Women's basketball at the 2023 Pan American Games

Tournament details
- Host country: Chile
- City: Santiago
- Dates: 25–29 October, 2023
- Teams: 8 (from 1 confederation)
- Venue(s): 1 (in 1 host city)

Final positions
- Champions: Brazil (5th title)
- Runners-up: Colombia
- Third place: Argentina
- Fourth place: Cuba

= Basketball at the 2023 Pan American Games – Women's tournament =

The women's basketball tournament at the 2023 Pan American Games was held in Santiago, Chile at the Multisport Complex 1 at the National Stadium Park cluster, from October 25 to 29, 2023. The eight participating teams were divided into two groups of four teams each, with the top two advancing to the knockout stage.
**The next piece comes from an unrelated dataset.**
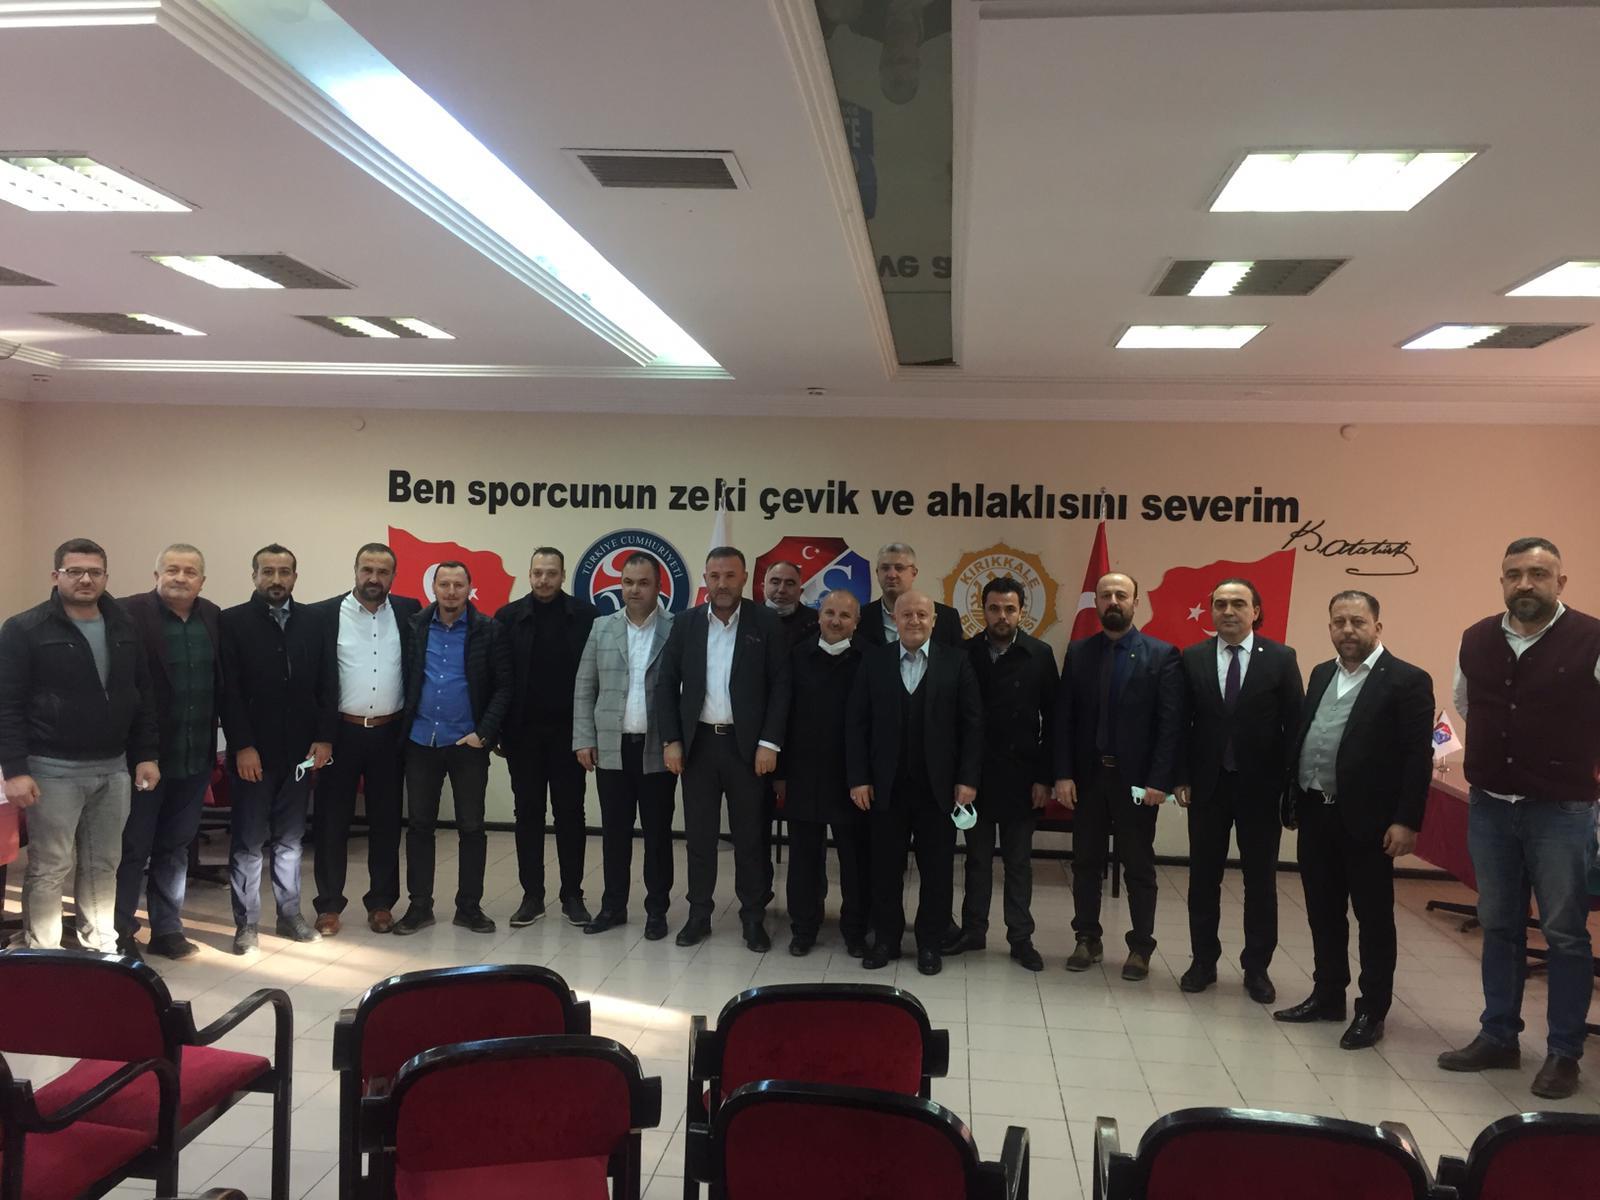 Kırıkkalespor’da Uca Başkan İle Devam - Kırıkkale Haber, Son Dakika Kırıkkale Haberleri

Brazil were the defending Pan American Games gold medalists, and they successfully defended their medal.

==Qualified teams==
Eight teams qualified for the tournament. The top seven teams at the 2023 FIBA Women's AmeriCup joined host team Chile to complete the eight berths. However, the United States and Canada, the teams that ended the Women's AmeriCup in second and third, respectively, decided not to participate. They were replaced by Mexico and Cuba.

| Event | Dates | Location | Quota(s) | Qualified |
|---|---|---|---|---|
| Host Nation | — | — | 1 | Chile |
| 2023 FIBA Women's AmeriCup | July 1–9 | MEX León | 7 | Brazil United States Canada Puerto Rico Colombia Venezuela Argentina Mexico Cuba |
| Total |  |  | 8 |  |

==Draw==
The draw was held in Santiago, Chile, on September 22, 2023.

| Pot 1 | Pot 2 | Pot 3 | Pot 4 |
|---|---|---|---|
| Brazil; Puerto Rico; | Colombia; Argentina; | Cuba; Venezuela; | Mexico; Chile; |

==Rosters==

The eight participating teams must name a roster up to 12 players each.

==Competition format==
In the first round of the competition, teams are divided into two pools of four teams, and play follows a round robin format with each of the teams playing all other teams in the pool once. Teams are awarded two points for a win, and one point for a loss.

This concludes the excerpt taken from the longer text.